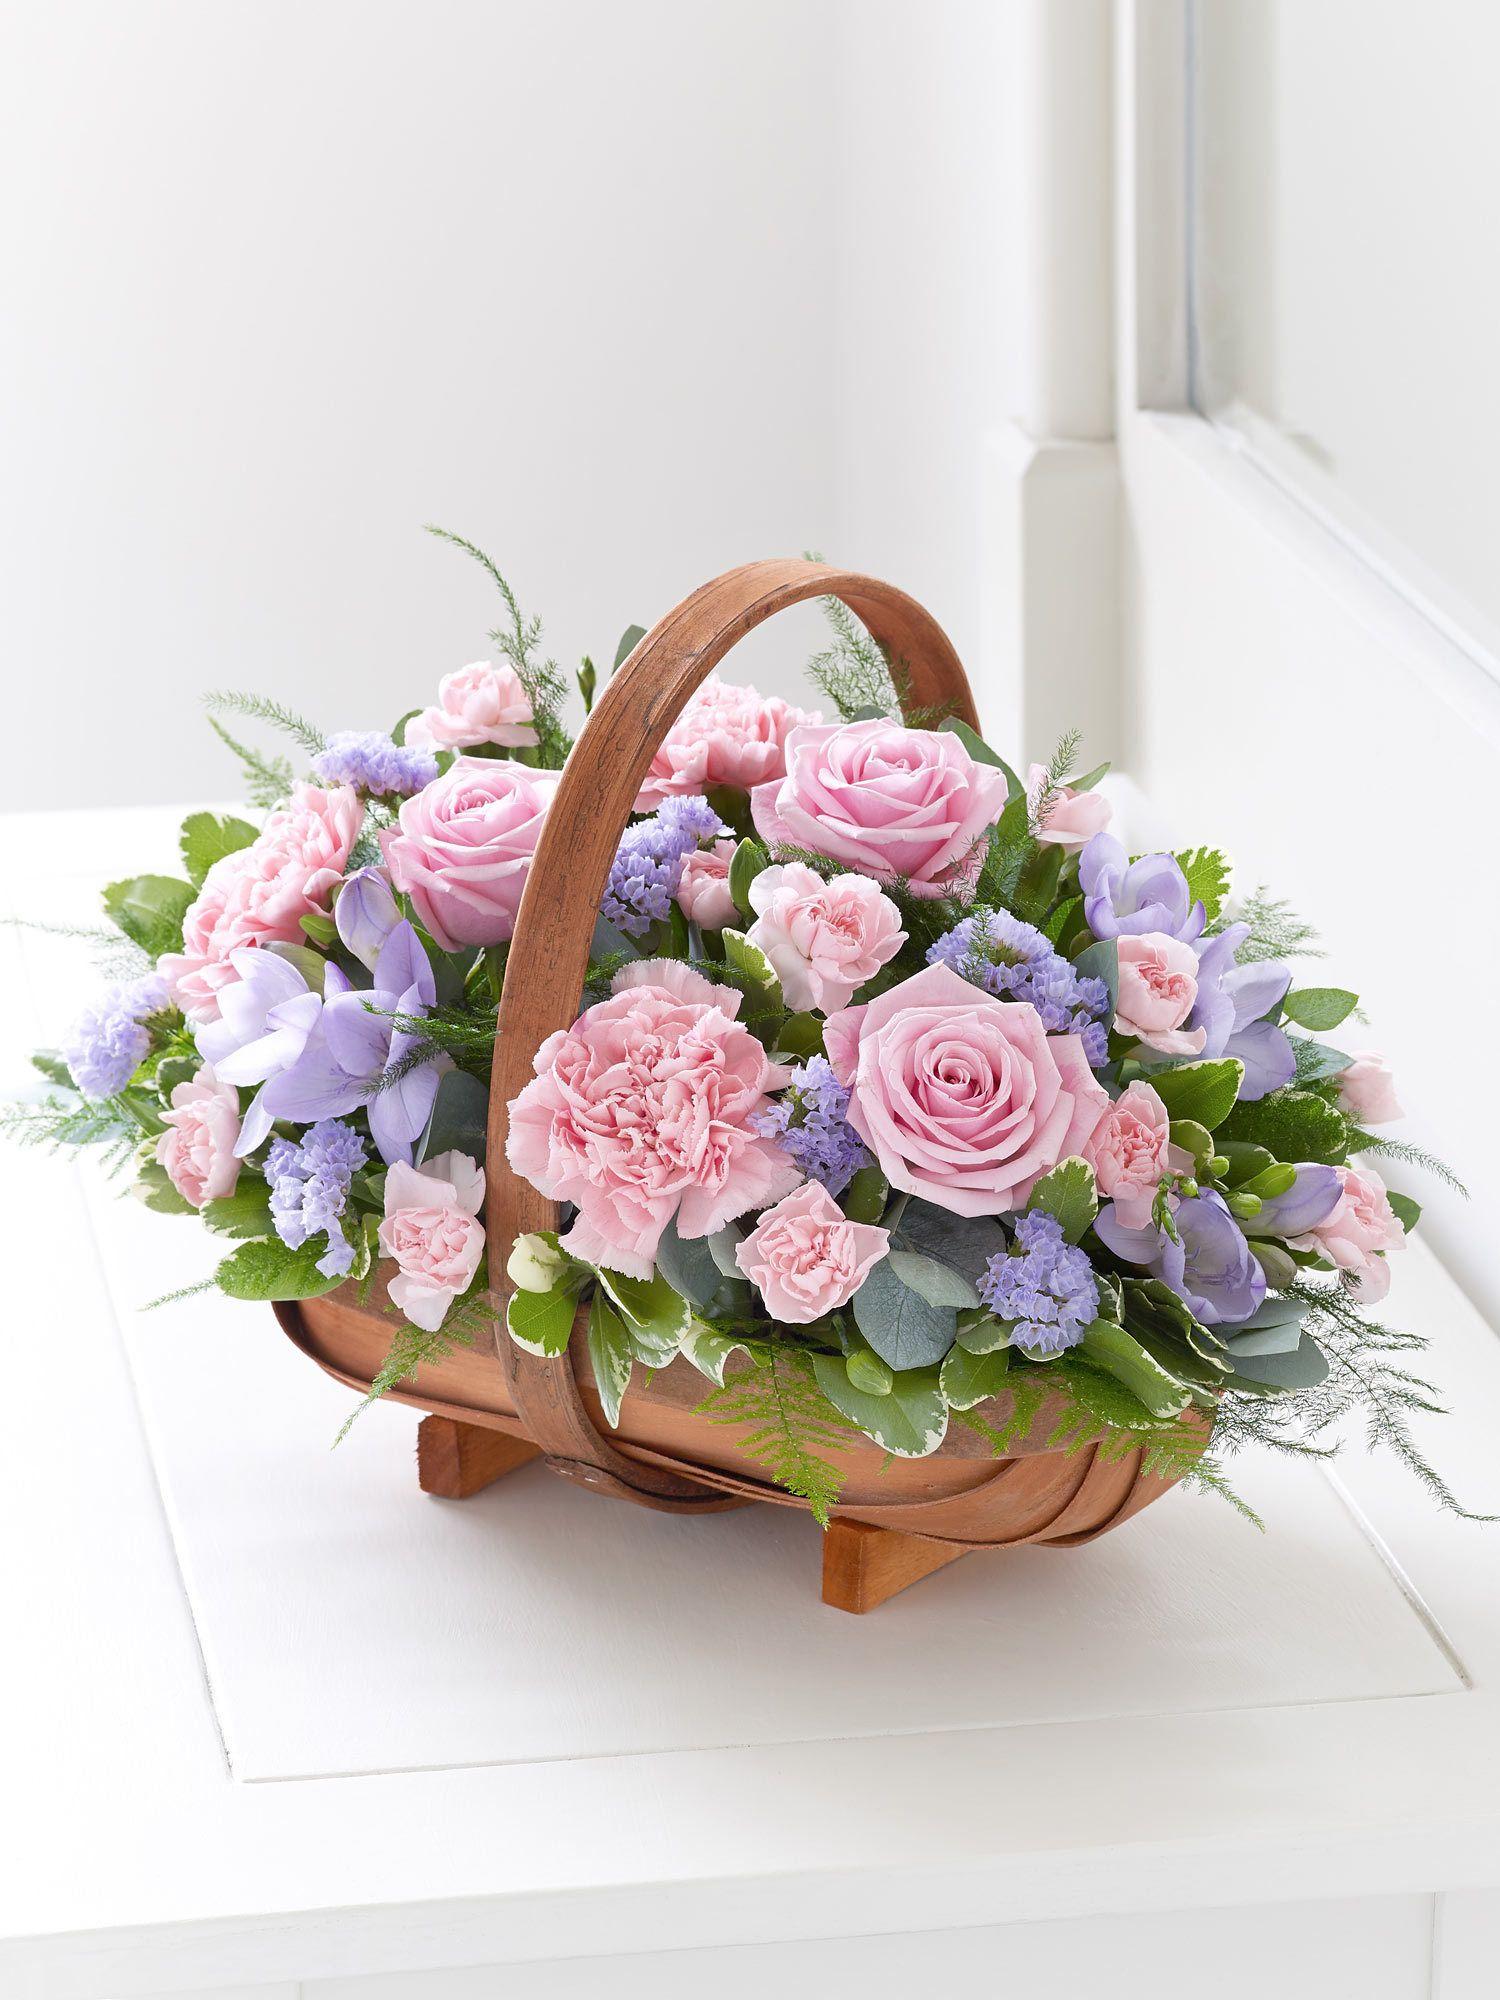 Mixed Basket Pink and Lilac Interflora Arreglos
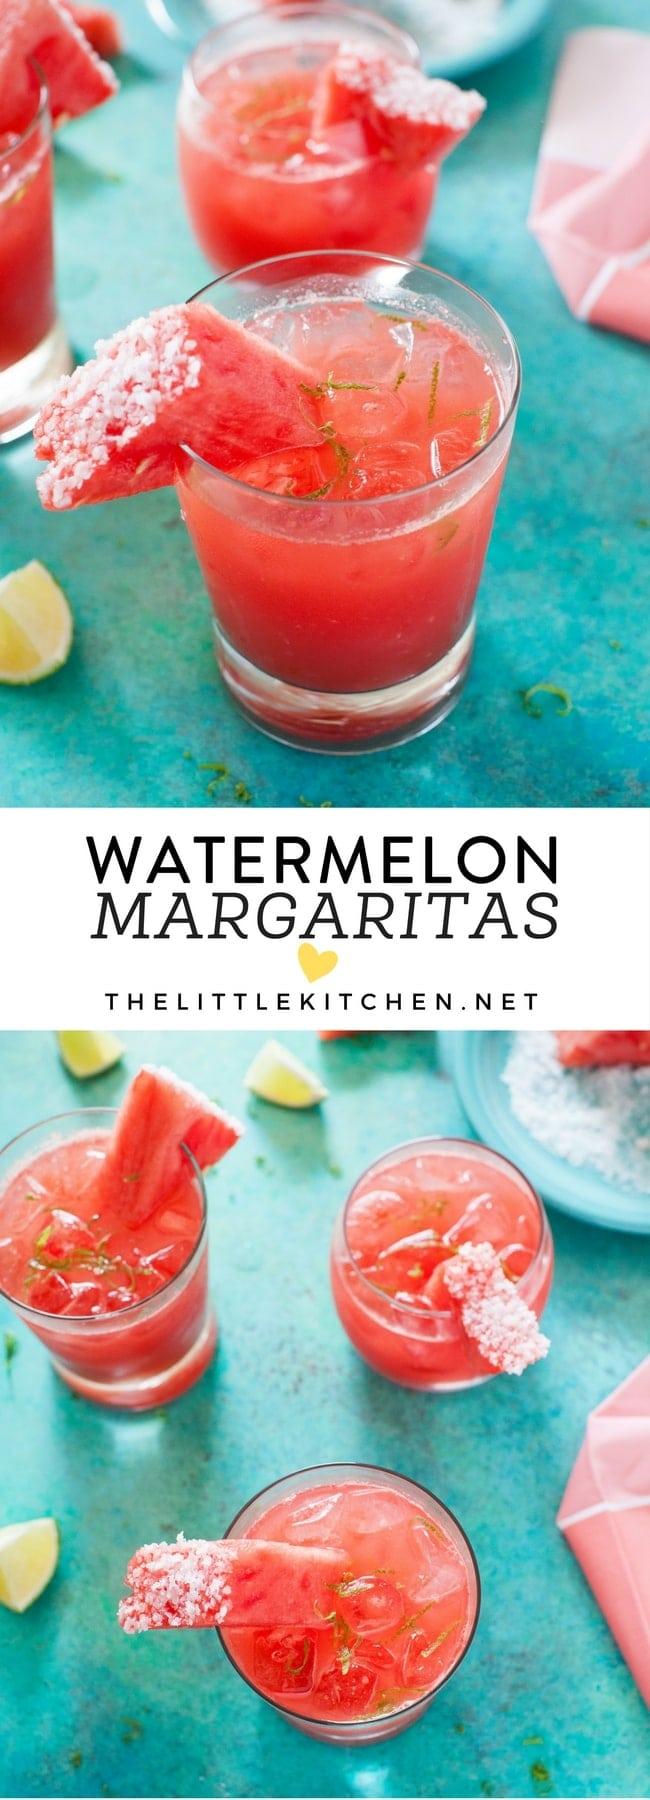 Watermelon Margaritas from thelittlekitchen.net
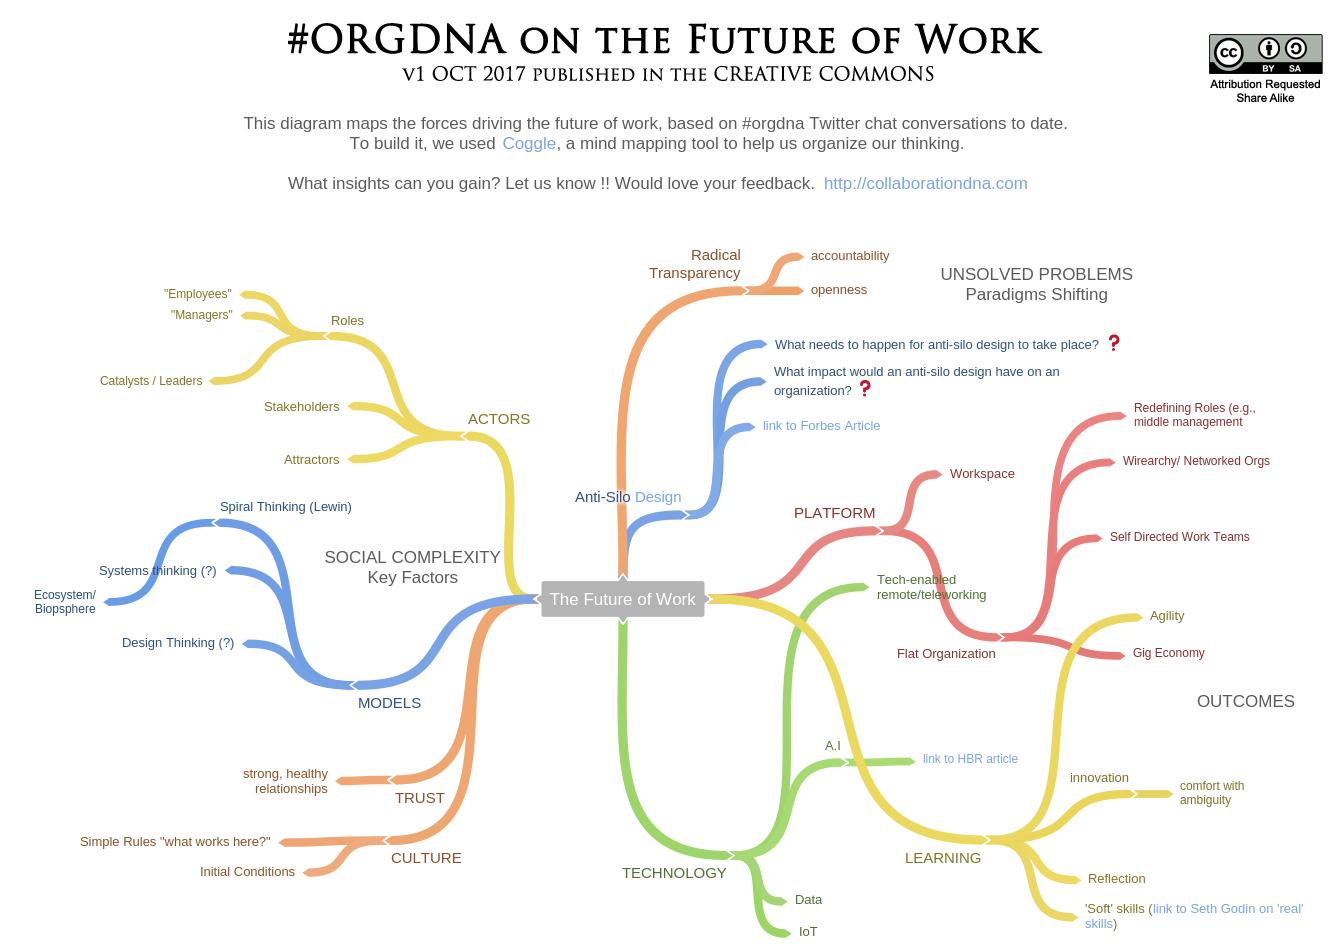 ORGDNA_FutureOfWork-v1-OCT2017
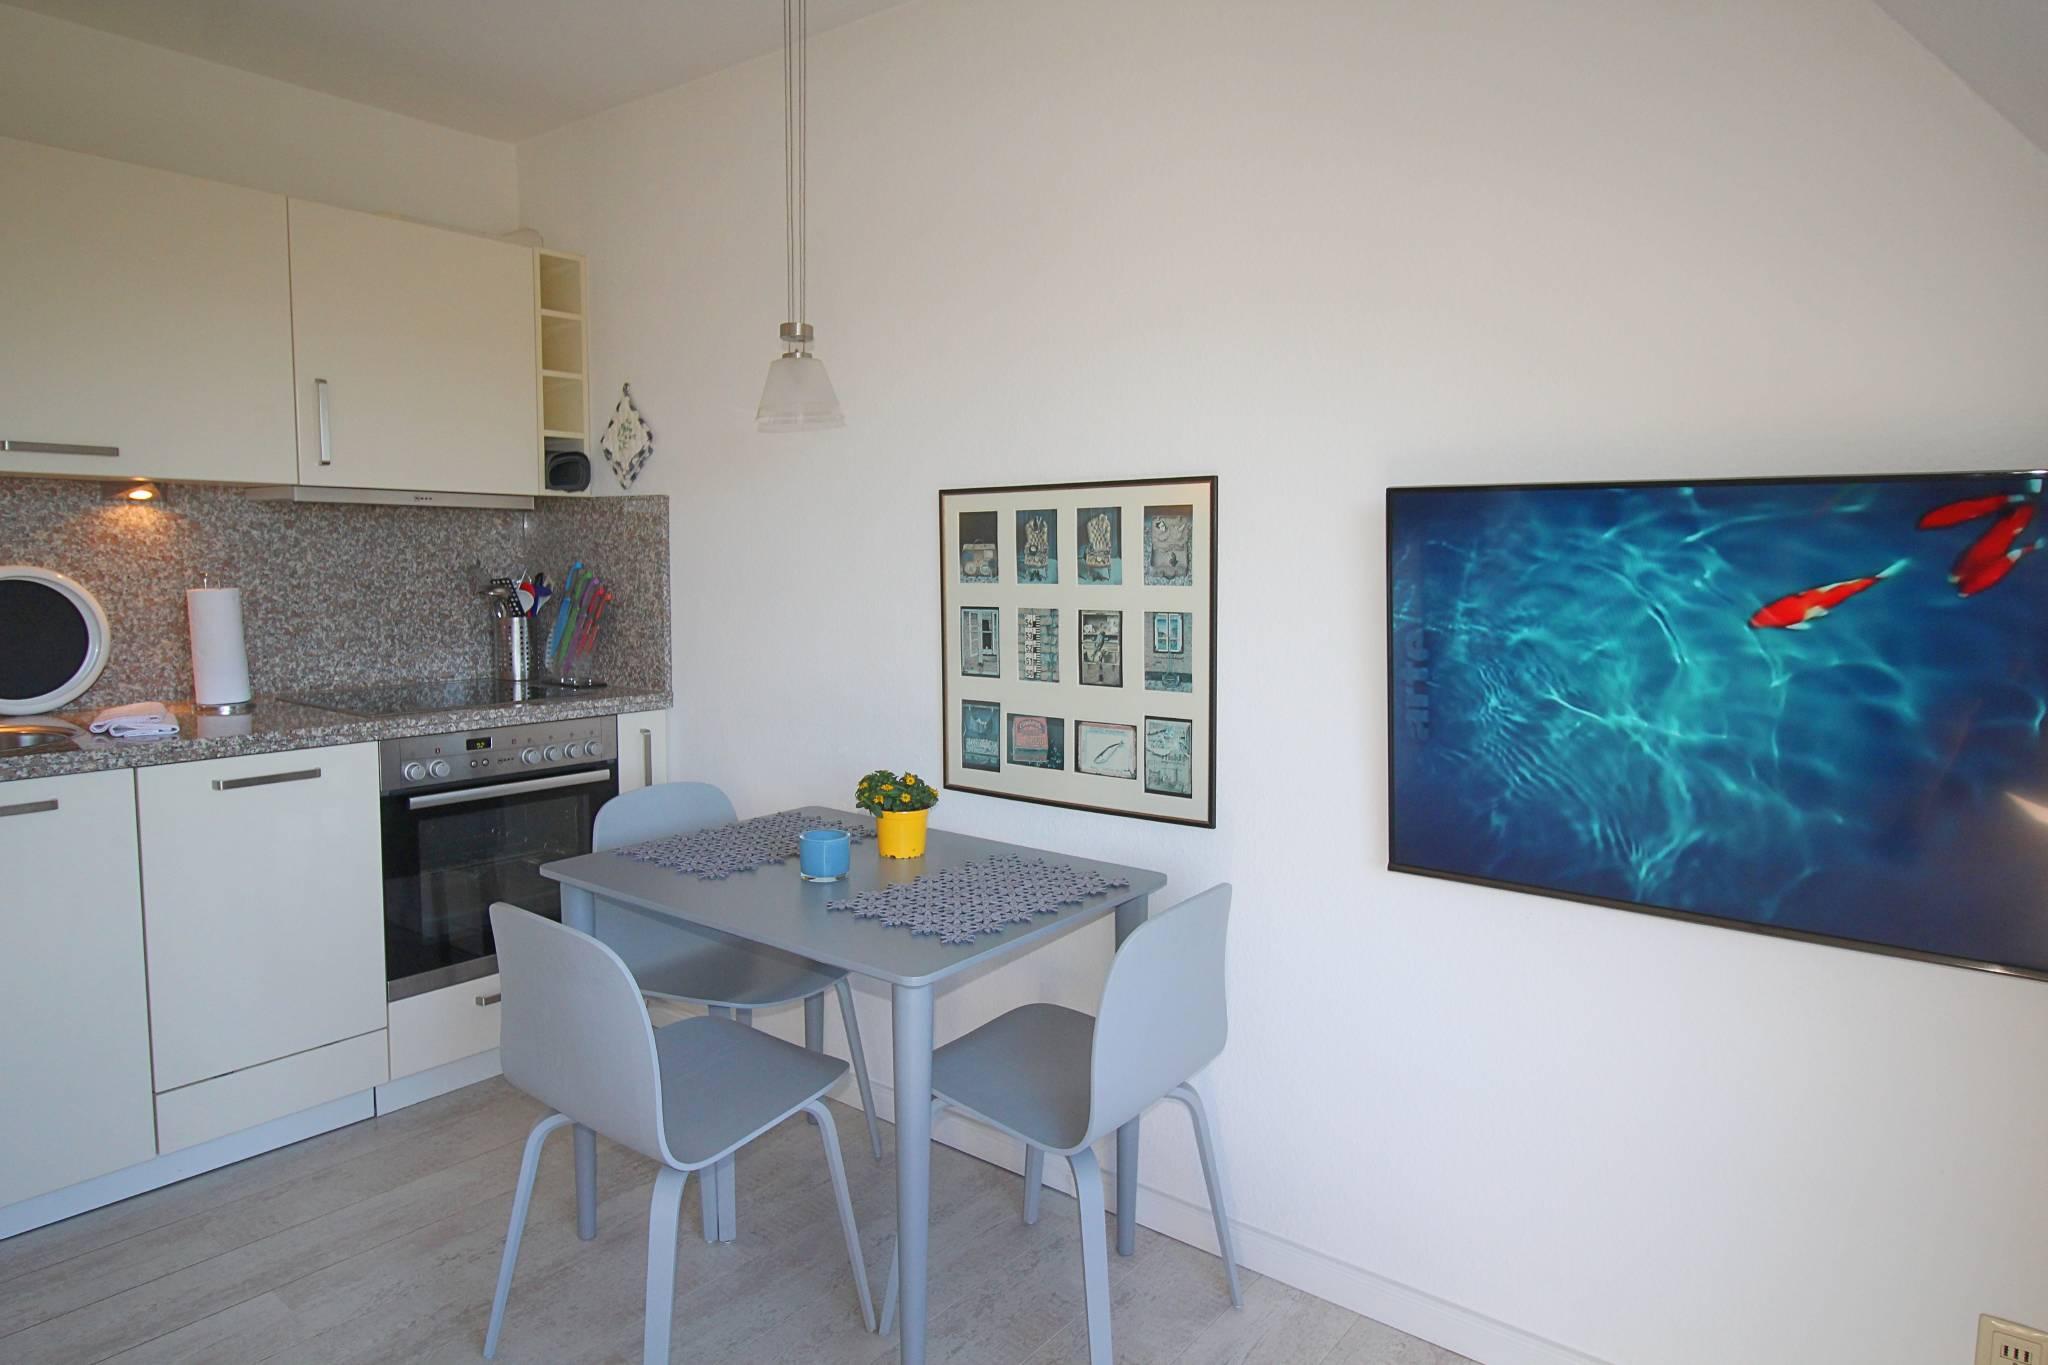 r m hart i ferienwohnung 3 a bildergalerie. Black Bedroom Furniture Sets. Home Design Ideas

→ **About this exercise**
Transcribe exactly the portion of the material above that runs from the line containing "Watermelon Margaritas from" through its last line, omitting all pictures.

→ **Solution to this exercise**
 Watermelon Margaritas from thelittlekitchen.net
 ORGDNA_FutureOfWork-v1-OCT2017
 r m hart i ferienwohnung 3 a bildergalerie. Black Bedroom Furniture Sets. Home Design Ideas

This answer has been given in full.